#GoodReads – How to navigate rising rates

#GoodReads – How to navigate rising rates, tighter mortgage qualifications and softer valuations via canadianrealestatemagazine.ca.

“…Change #1: Rising rates

Clearly, the Bank of Canada is on a mission to combat inflation and is using the rate policy as a tool to do so. The prime rate has increased several times in 2022, with the last increase in July by 1%.

The media is scaring everyone and making it sound like the sky is falling. Yes, the rates are rising, and the prospects of a recession are rising. These are things you and I cannot control. What we can control is how we navigate the waters ahead. It is important to remember that rate increases will stop once the BOC gets a handle on inflation. While no one has a crystal ball, indicators show that we are yet to see another 1.5% – 2% increase by early 2023; then, we will stay there for a while, a period of 18 – 24 months before things start to ease up again…

Change #2: Tighter mortgage qualifications

As the rates continue to rise, the qualification bar the residential lenders use to approve borrowers for mortgages will also rise because, under the Stress Test rules, lenders will qualify the loan request at the higher of the Bank of Canada qualification rate, which is 5.25, and the mortgage rate you are being approved for plus 2%…

Debt management strategies

These are strategies that focus primarily on reducing the monthly payments on your balance sheet in the eyes of the lenders to help ease up the pressure on the lending ratios.

The fact that you are paying an interest-only payment on a loan or that you have an interest-free loan with a six months grace period does not mean that the lender will take that into the calculation.
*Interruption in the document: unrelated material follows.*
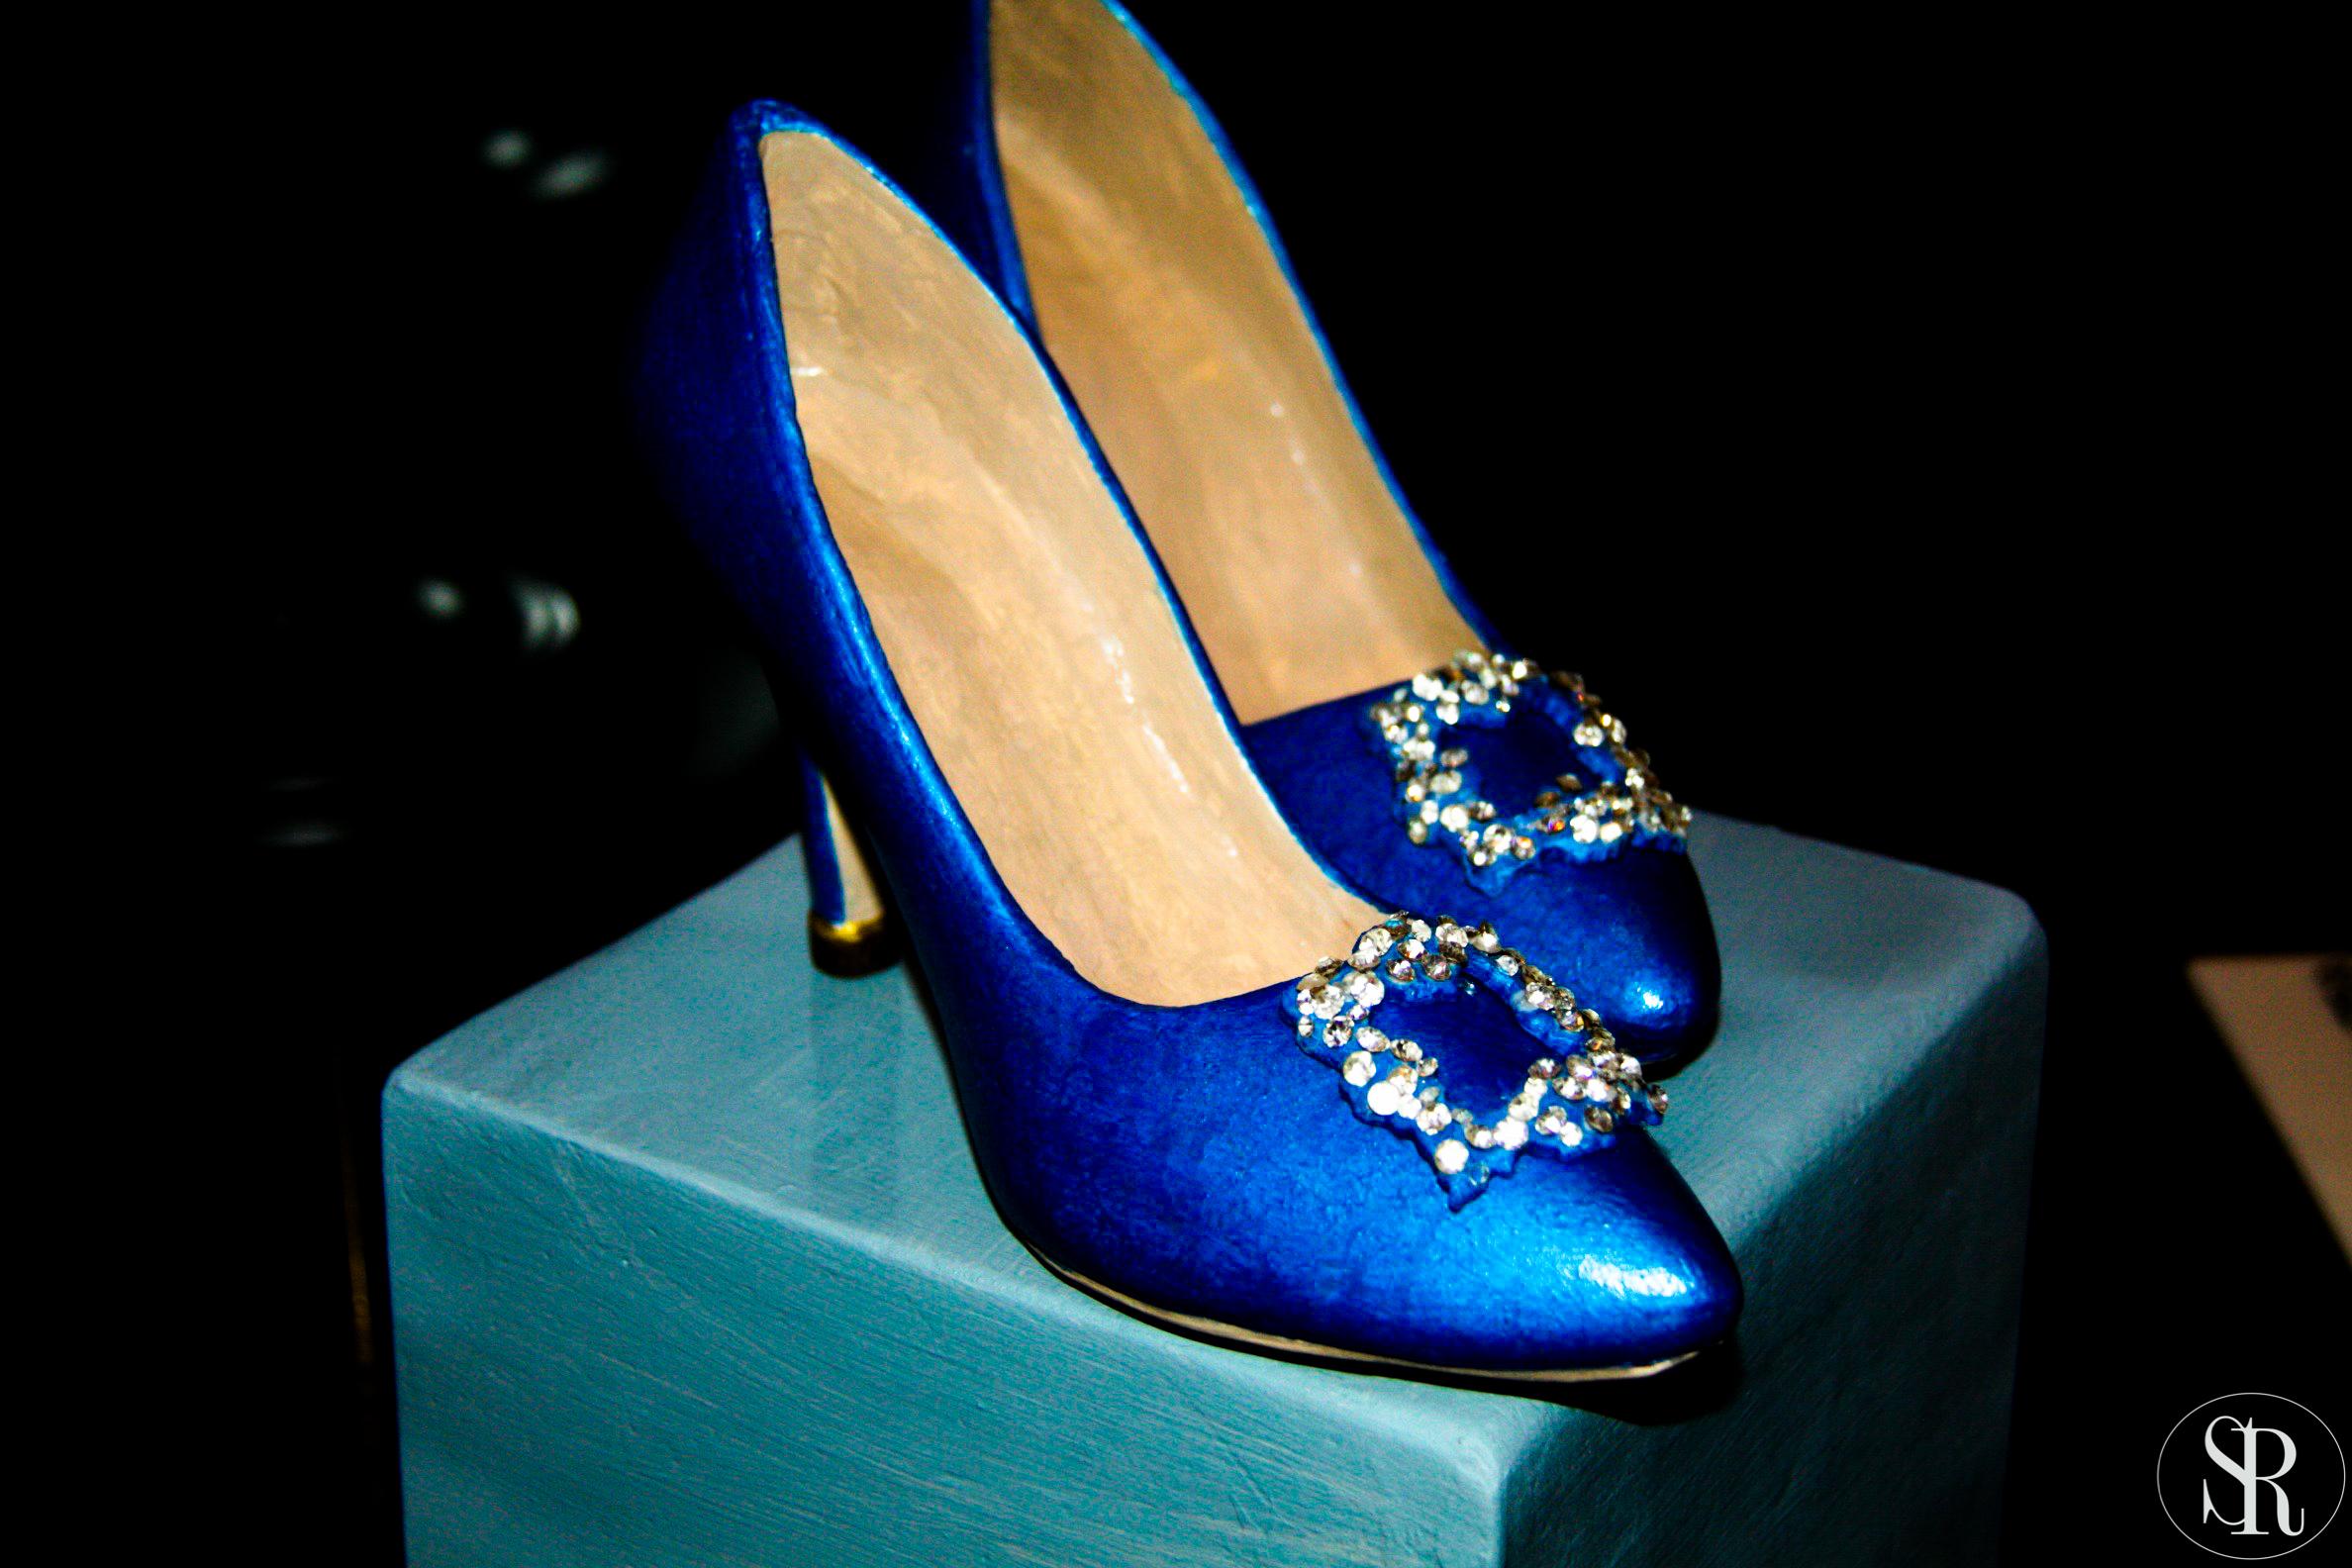 VIP launch of MANOLO BLAHNIK collection Fashion Afternoon Tea by Raffles Dubai-4007.jpg

Lenders have their own ways of running the numbers. As a result, re-shuffling some debts through consolidation or re-amortization can have a huge positive impact on the numbers…

Income strategies

The other tool is income related, where we can look at ways to add income to your application by utilizing higher rental income or supplementing your income. This includes: using higher rents on your application through an appraiser’s opinions of what a property can rent for. This can help the numbers in some cases where you have a vacant unit or you are charging below market rents and where the market rents are higher…
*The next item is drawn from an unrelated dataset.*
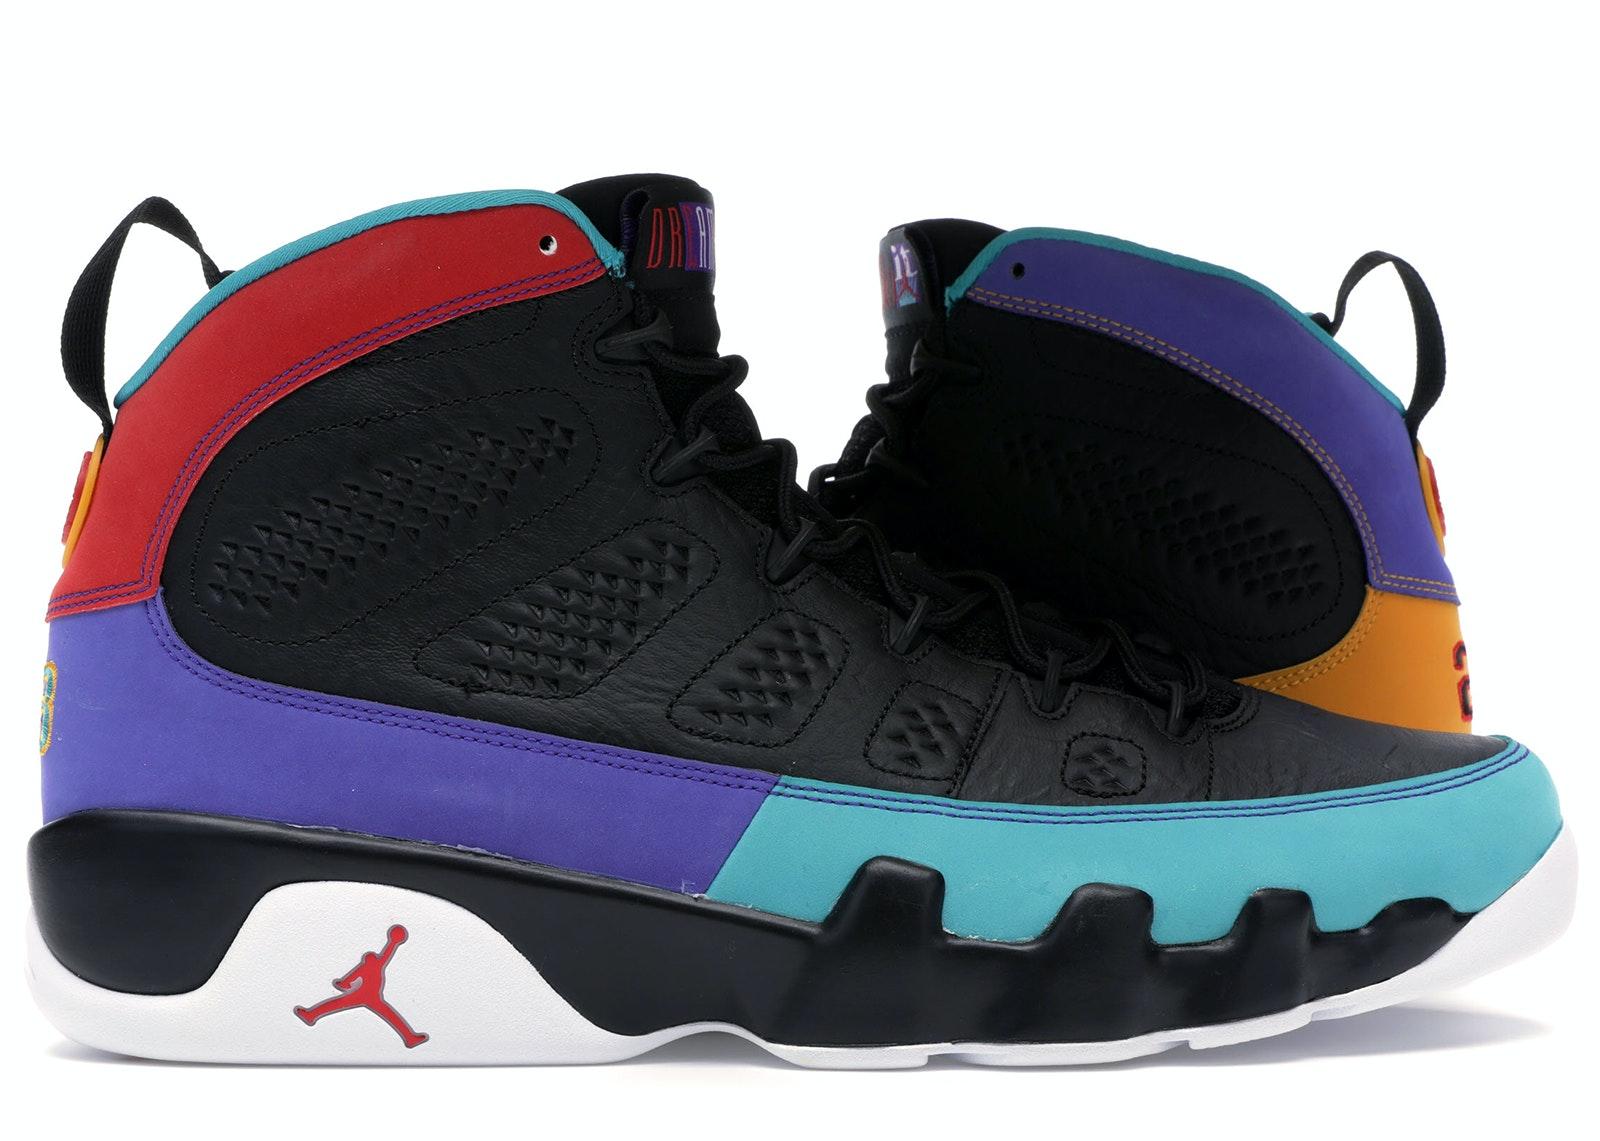 Jordan 9 Retro Dream It Do It

Change #3: Softer valuations

Demand in some markets has cooled as rising rates and tighter mortgage qualifications impacted affordability. In return, it has affected what houses are selling for and the time on the market to sell. For investors, this presents both a risk and an opportunity…

And finally, take time to clean house now so you can still qualify in the future if you want to continue growing your portfolio. By cleaning house, I mean: getting rid of any expensive debts or mortgages like private mortgages.”